La "Guerra Sucia" se potenció a principios de los años 80 -- no sólo en Colombia -- conforme la administración Reagan fue extendiendo sus programas por toda la región, dejándola devastada y repleta de cientos de miles de cadáveres de personas torturadas y mutiladas, que cabe no apoyaran lo suficiente al sistema o, incluso, estuvieran bajo la influencia de los "subversivos". Los norteamericanos no debieran permitirse el lujo de olvidar los orígenes de la doctrina de Brasil, la de Argentina, la de Uruguay, la de Colombia," y algunas otras. Fueron diseñadas y aplicadas por alumnos adiestrados y equipados aquí mismo. Las nociones básicas provienen de los manuales norteamericanos de contrainsurgencia y "conflictos de baja intensidad". Estos tecnicismos son simples eufemismos del terrorismo de estado, práctica ampliamente extendida en América Latina.
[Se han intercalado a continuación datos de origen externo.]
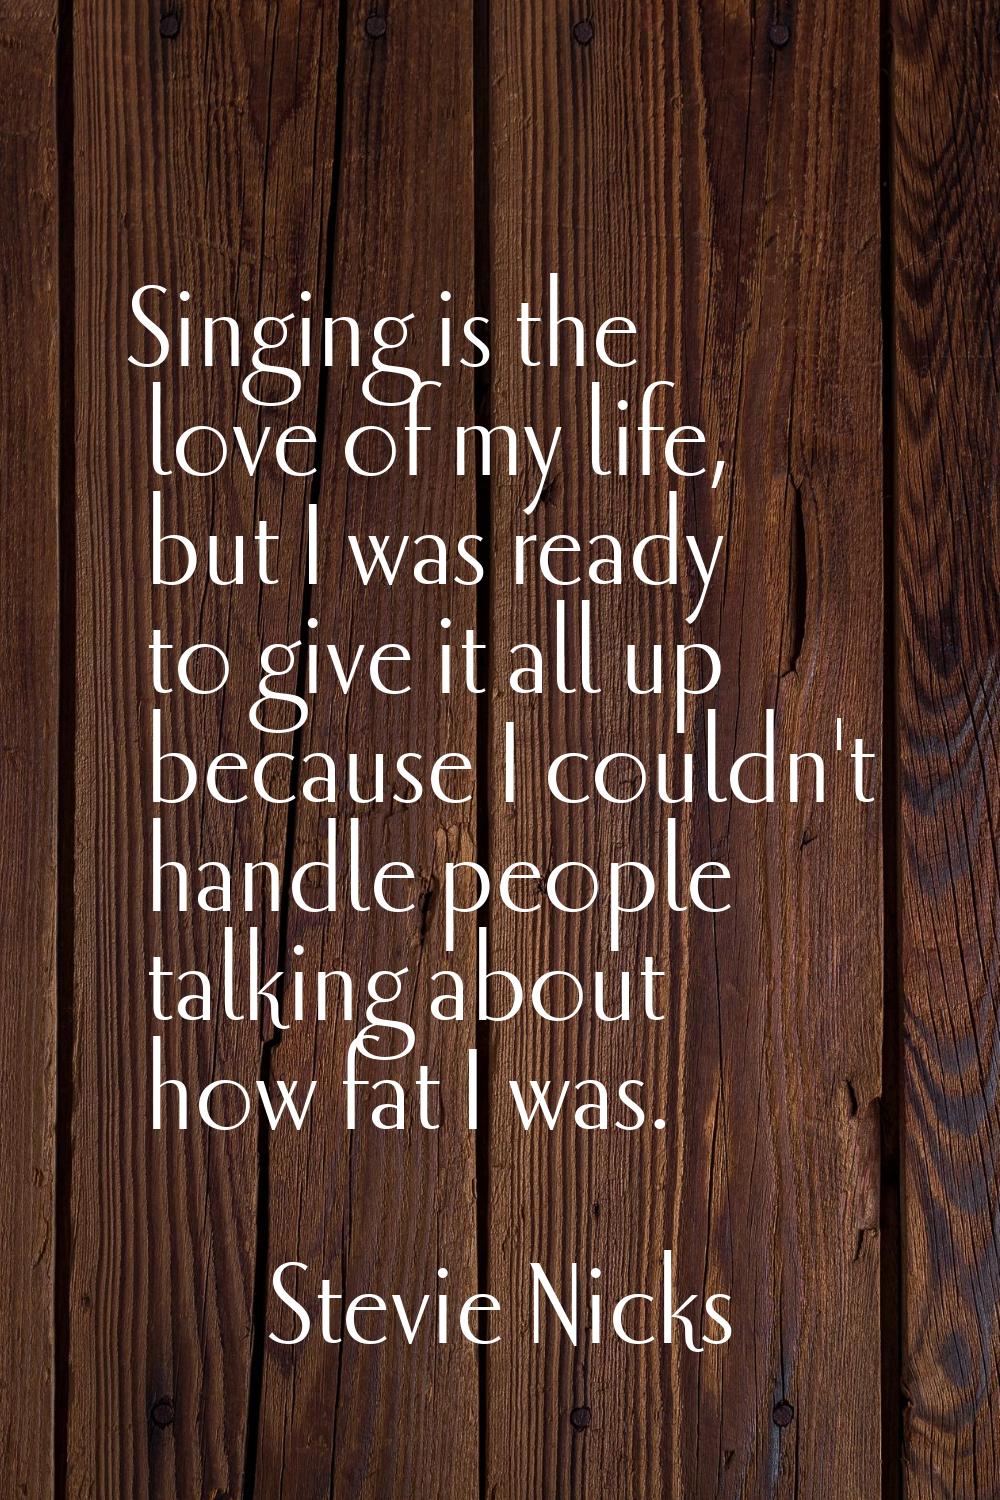 Singing is the love of my life, but I was ready to give it all up because I couldn't handle people

Cuando el Arzobispo Oscar Romero se dirigió por escrito al Presidente Carter en 1980, poco antes de su asesinato, pidiéndole en vano que pusiera fin al apoyo de E.U.A. los estados terroristas, éste comunicaba al rector de la Universidad Jesuita, Padre Ignacio Ellacuria, que se veía atado al "nuevo concepto de estrategia de guerra especial, la cual consistía en la supresión de cualquier intento de organización popular bajo acusación de Comunismo o terrorismo..." De modo que el Padre Ellacuria informaba, poco antes de ser asesinado por la misma mano negra, una década más tarde, que los hechos revestían la década asesina de un simbolismo tan espeluznante como eficaz.

"Estos agentes terroristas del estado reciben adiestramiento de E.U.A. para garantizar su debida asimilación y orientación para con los objetivos norteamericanos", comunicaba el Secretario de Defensa Robert McNamara al Asesor del Consejo de Seguridad Nacional, McGeorge Bundy, en 1965. Éste es un asunto de particular relevancia "en el ámbito cultural de la América Latina, donde se reconoce al ejército el poder de destituir a los gobernantes de sus cargos si, a juicio de los militares, su conducta es injuriosa para con el bienestar de la nación. Es derecho del ejército, y de aquéllos que se encargan de proporcionarle la debida orientación, el privilegio de determinar el bienestar de la nación, y no de las bestias de carga que duramente trabajan, sufren y mueren en sus propias tierras”.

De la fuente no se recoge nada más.